A single layer of epithelial cells forms the barrier between the harsh environment of the gut lumen and the interstitium. In intestinal diseases such as inflammatory bowel disease, tight junctions, which seal the intercellular space, become leaky and the barrier is compromised. Inflammatory cytokines are known to contribute to this barrier defect, howevertheir mechanisms of action are poorly defined. The long term objectives of this application are to understand the unique regulatory mechanism that different cytokines have on barrier function. My central hypothesis, based on the preliminary data, is that different cytokines affect barrier function via functionally distinct mechanisms. I will test this hypothesis using standard tools as well as a novel approach I have developed that will allow high resolution analysis of tight junction biophysics. The predominant methods used in this study will allow biophysical characterization of the tight junction barrier and the effects of inflammatory cytokines.
The first aim will characterize the distinct effectsof different cytokines, specifically TNF and IL13,on barrier function. Methods will include traditional current clamp and ion selectivity measurements coupled with macromolecular flux studies. These functional measurements will be correlated with measurements of protein transcription and expression. The regulatory mechanisms involved will be assessed through pharmacologic manipulation.

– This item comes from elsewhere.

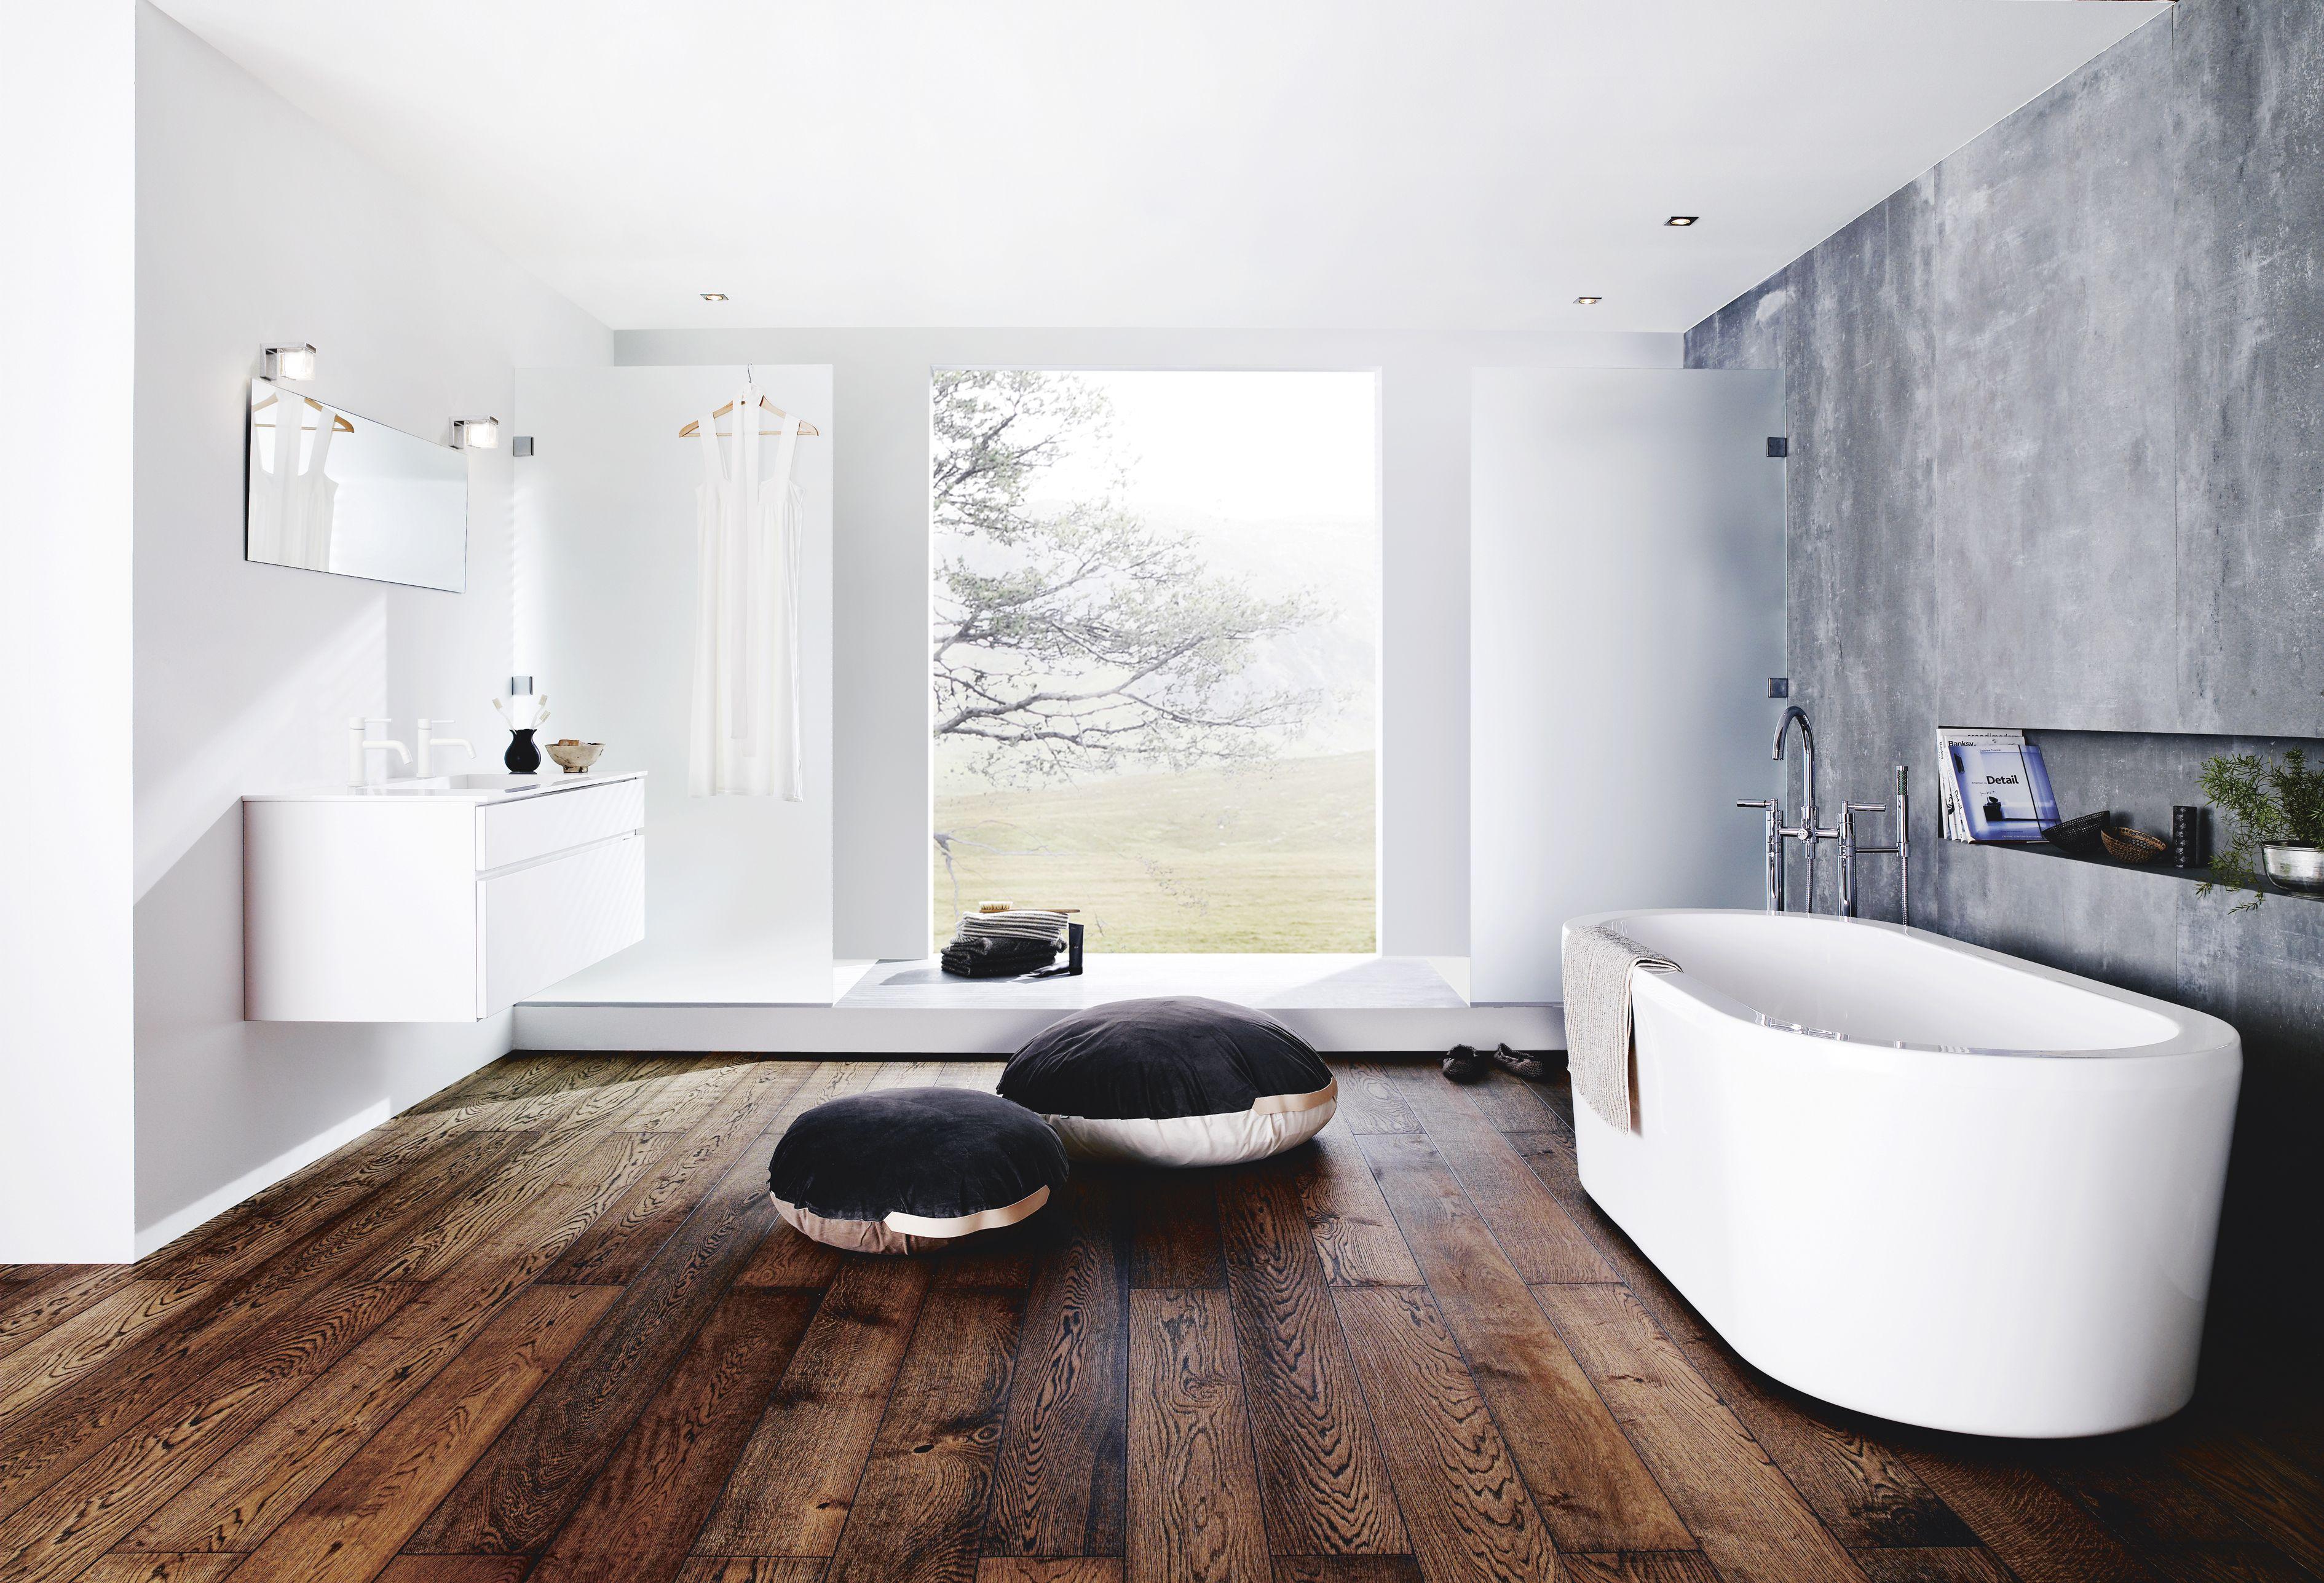 Kvik - Mano Badkamer | Home | Pinterest | Bathroom inspo, Interior ...

The second aim will take advantage of and refine the approach I have developed to make high resolution biophysical measurements of barrier dynamics under normal conditions. These techniques will allow measurement of barrier function over extremely small areas on a millisecond time scale.

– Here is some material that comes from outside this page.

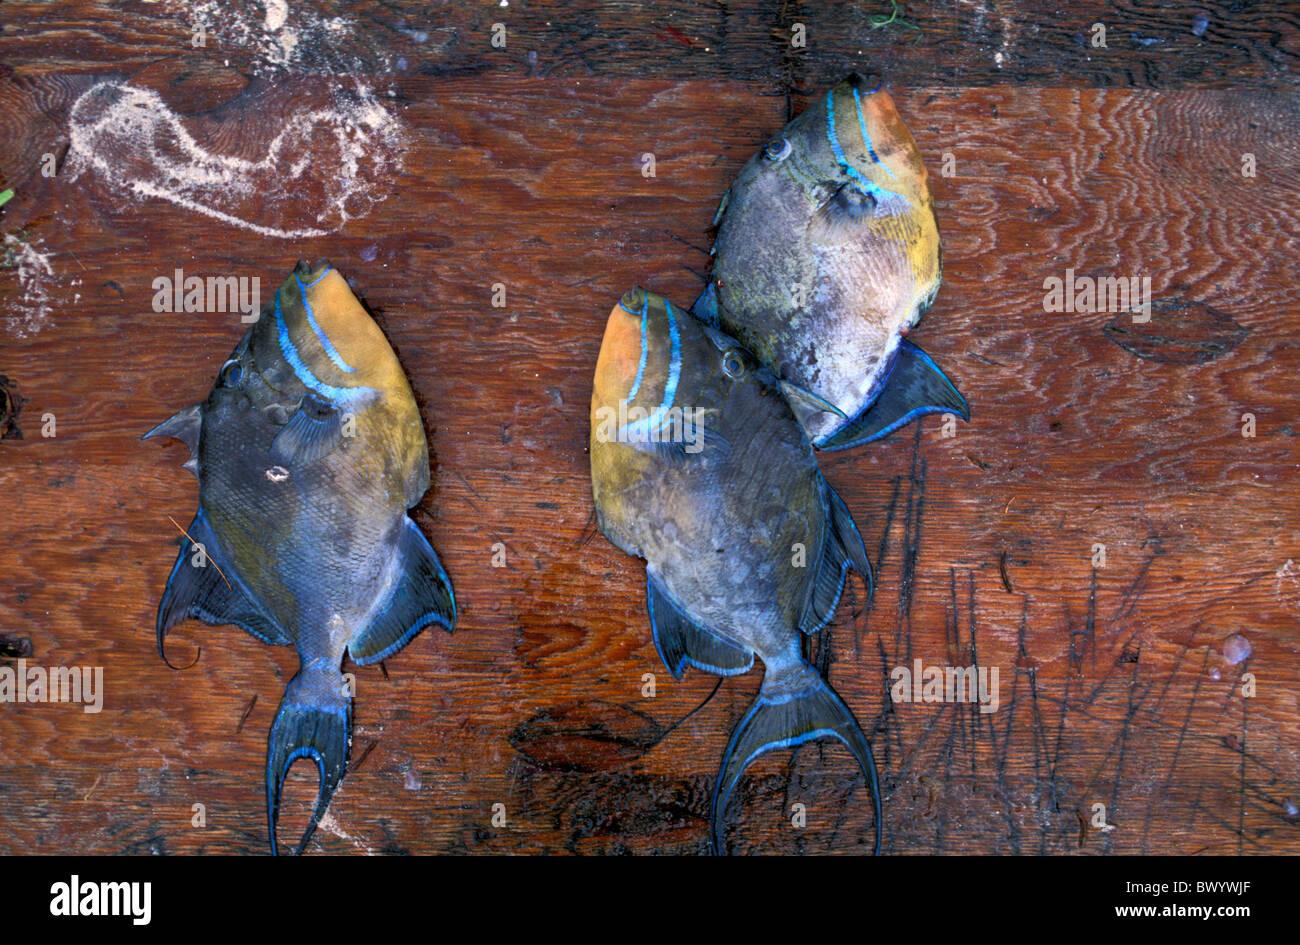 animal animals Cat Island Bahamas dead Fish market - Stock Image

The third aim will combine observations and techniques of the first two aims to determine the distinct effects of different cytokines on the biophysics of tight junction barrier function at high resolution. Completion of these aims will have significant positive effects on human health because it will greatly enhance our understanding of specific mechanisms by which cytokines cause barrier dysfunction. This will allow development of specific therapies targeting distinct pathways of barrier dysfunction. This holds great promise as we enter the era of individualized medicine, since availability of agents targeting different mechanisms of barrier dysfunction will allow treatment regimens designed for individual patients. Additionally, the techniques developed in the second aim will have utility in studying tight junction biophysics in other organs, such as kidney, lung, liver, and brain, where tight junction disruption is thought to contribute to disease.